Читать «Газета День Литературы # 155 (2009 7)» онлайн - страница 48
Газета День Литературы
14. Николай КЛЮЕВ. Мой великий олонецкий земляк. Писал вроде бы чуждый ему пролетарский поэт В.Кириллов в годы, когда от Клюева отрекались и Сергей Есенин и Петр Орешин, "Земли моей печальный гений…" В годы советской власти со своим плачем по русской деревне он казался лишним, сегодня он видится и на самом деле печальным пророком Руси. В поэме "Погорельщина" песнописец Николай свидетельствует всему миру о сожжённой "человечьим сбродом" величайшей красоте "нерукотворной России". Оценил его в своей архангельской ссылке и во многом далекий ему Иосиф Бродский. Как писал продолжатель его древнерусского лада Николай Тряпкин, "струя незримого колодца" клюевской поэзии продолжает с тихим звоном литься и сегодня. Это истинный апостол русской народной поэзии. Великая клюевская поэма "Погорельщина" была опубликована уже после смерти поэта в Томске в 1937 году.
15. Сергей ЕСЕНИН. Долгожданное чудо ХХ века в русской поэзии. Классическая любовная лирика Есенина столь же проникновенна, как лирика Данте и Гейне. Трагическая поэзия его последних лет даёт зловещий красный отблеск всему столетию. Вот уж кто был равен своему народу и в его радостях, и в его несчастьях.
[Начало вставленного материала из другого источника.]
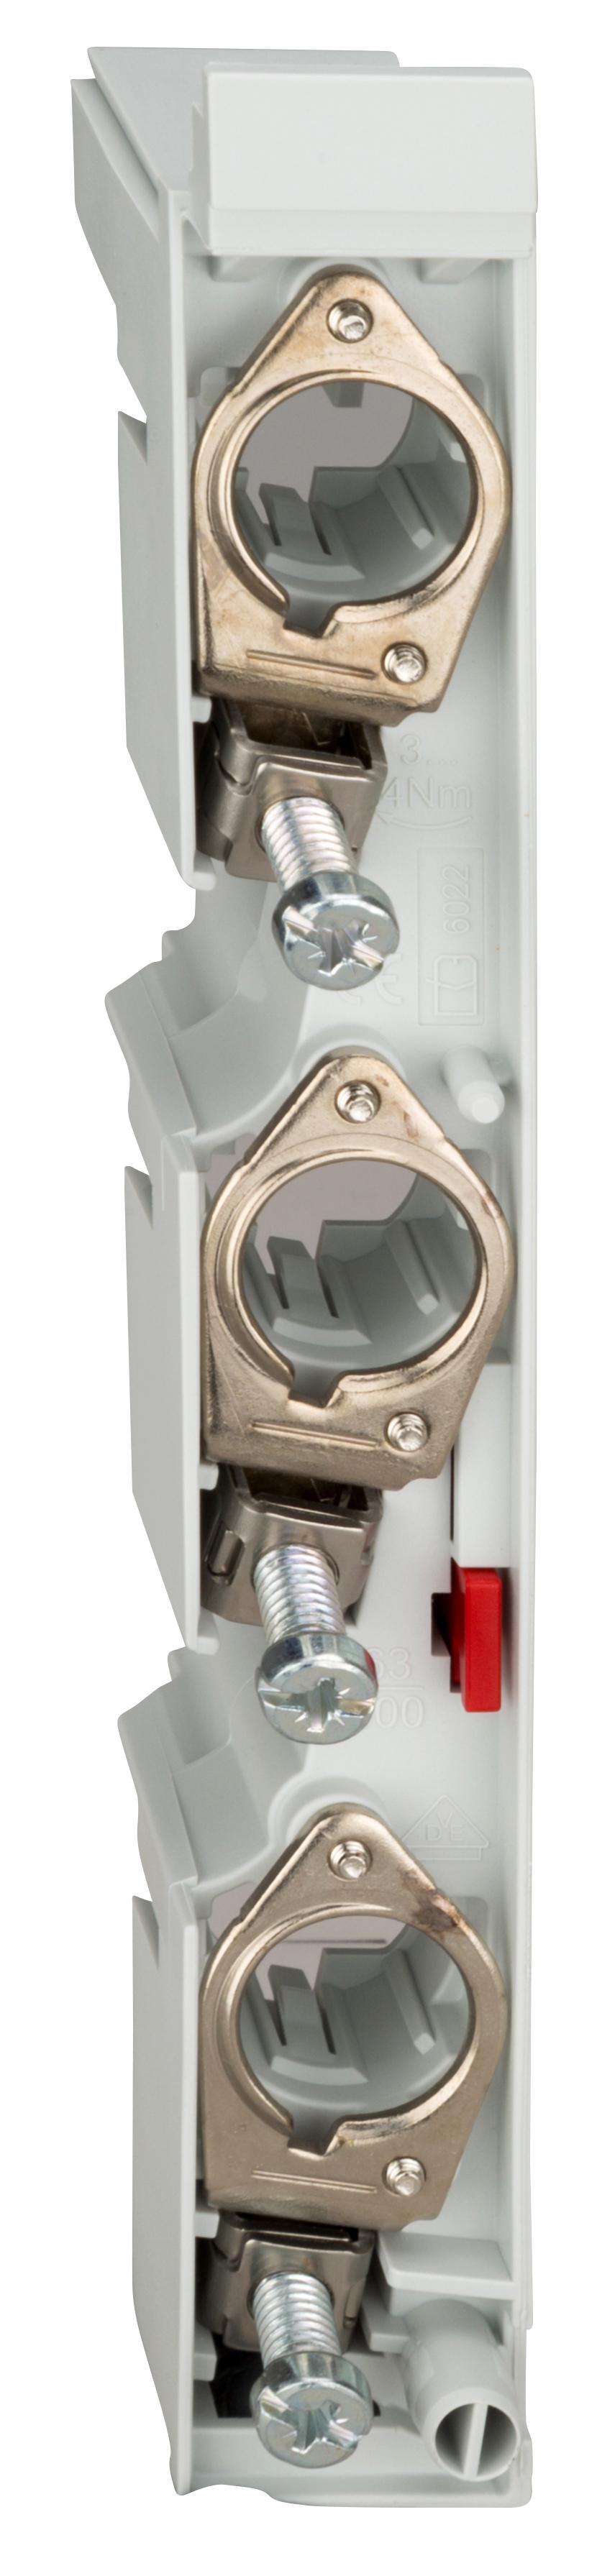 1 Stk D02-Reitersicherungssockel E18 ohne Abdeckung IS504823--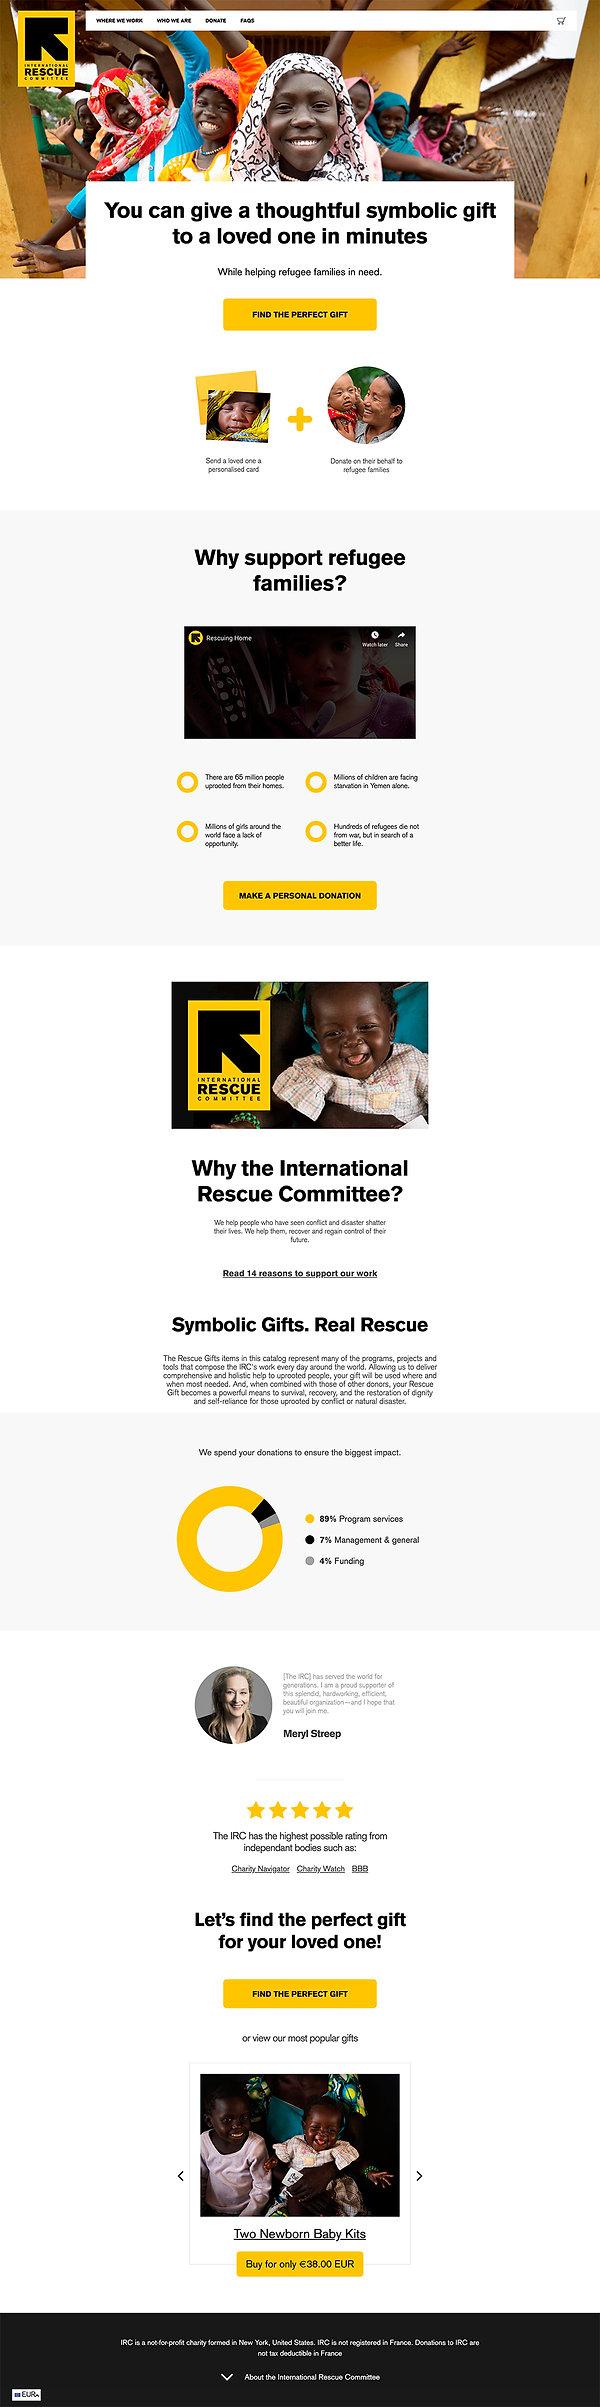 International Rescue Committee.jpg

И как бы ни старался он иногда отказаться от своей "страны берёзового ситца", погрузиться в бездны своего "чёрного человека", до конца жизни не исчезает свет из его поэзии, и он становится пронзительным одиноким певцом обречённой на несчастья и трагедии всего ХХ века России. Вряд ли ошибаются те, кто признают его поэтической вершиной русского столетия. Разве что Александр Блок равен ему.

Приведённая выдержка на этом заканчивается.